Она опять склонила головку набок, темные короткие локоны упали на щеку. Почему-то именно в этот миг Биллу открылись все тайны Вселенной. Он понял, что смерти нет. Что мир бесконечен. Вероятно, он даже постиг тайну атома, просто у него не было ни времени, ни желания думать о таких глупостях. Время и пространство стремительно меняли свой облик, превращаясь в нечто иное, чему не было и не могло быть названия, потому что в этом мире не было человеческих слов. Только стук сердца. Только горячечное дыхание. И разгорающаяся в теле легкость.
Он раздевал ее осторожно, едва касаясь точеных плеч и тонких рук. Он умирал от восхищения и погибал от священного ужаса. Солнце било сквозь мечущиеся на ветру листья, и облик Мэри мерцал, подрагивал, растворялся в медовой дымке этого дня, первого дня творения их новой жизни.
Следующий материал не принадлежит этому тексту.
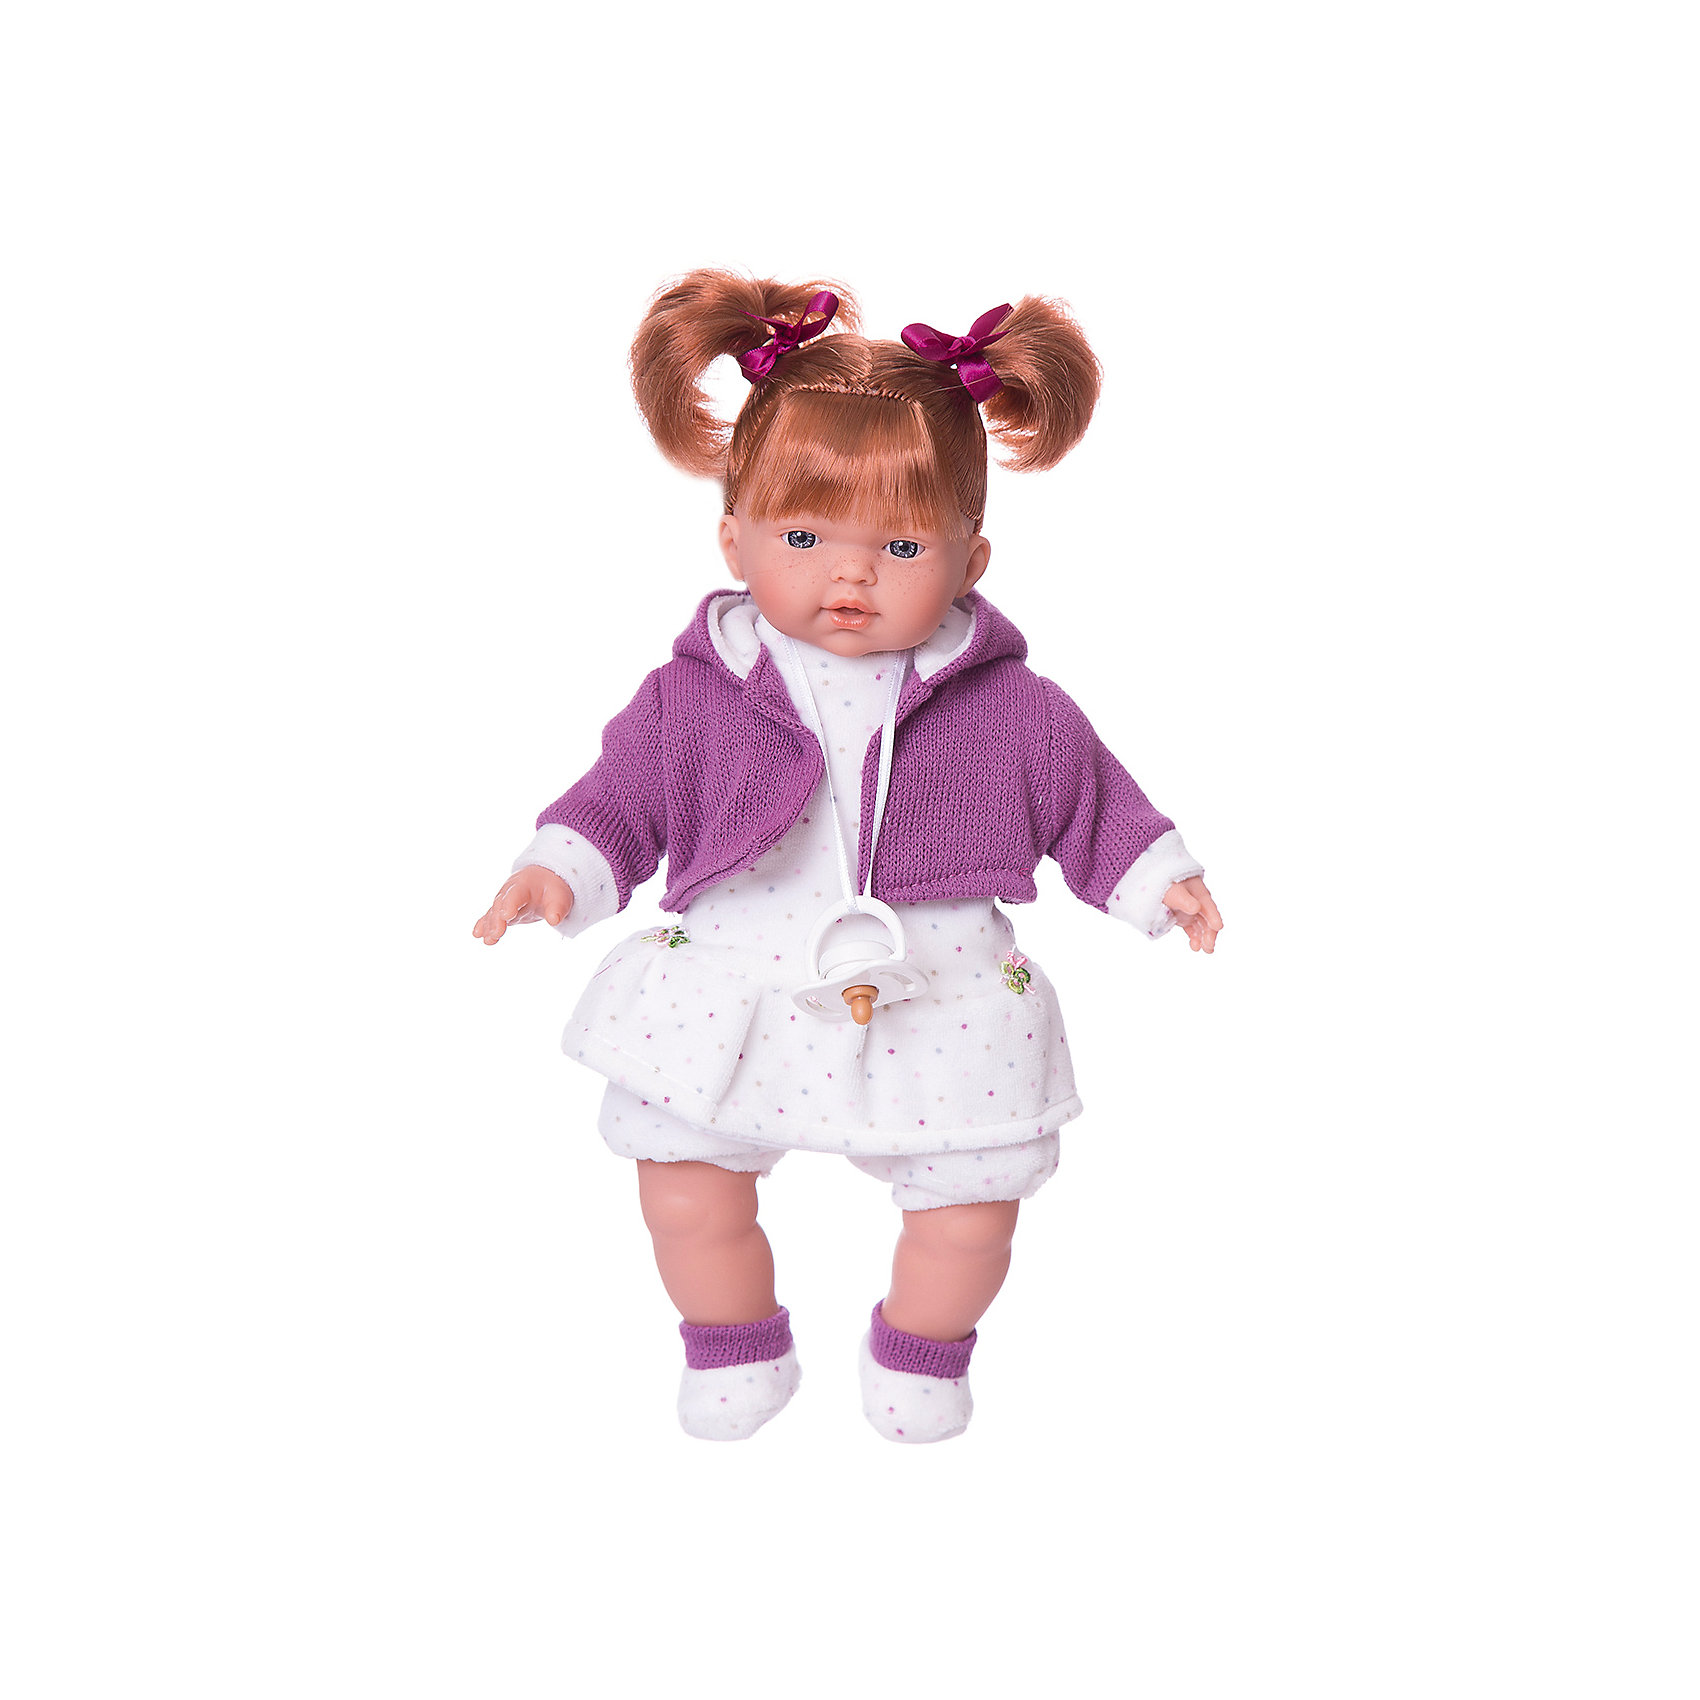 Llorens Кукла Алиса, 33 см, Llorens куклы и одежда для кукол llorens кукла алиса 33 см со звуком

Билл замер, когда ее пальчики коснулись его обнаженной груди. Когда он разделся, он не знал.
Не помнил. Густая трава поглотила их одежду, и они оказались наедине в своем Эдеме. Адам и Ева, познающие любовь.
Сказать, что он желал ее, было бы не правильно. Он весь был желанием. Это не имело ничего общего с возбуждением или похотью.
Просто его тело, его кожа, его кровь, кости и сухожилия стремительно плавились в золотом и ослепительном огне, и этот ручеек лавы стремился слиться с другим, таким же. Он точно знал – таким же. Потому что в карих глазах видел то же пламя.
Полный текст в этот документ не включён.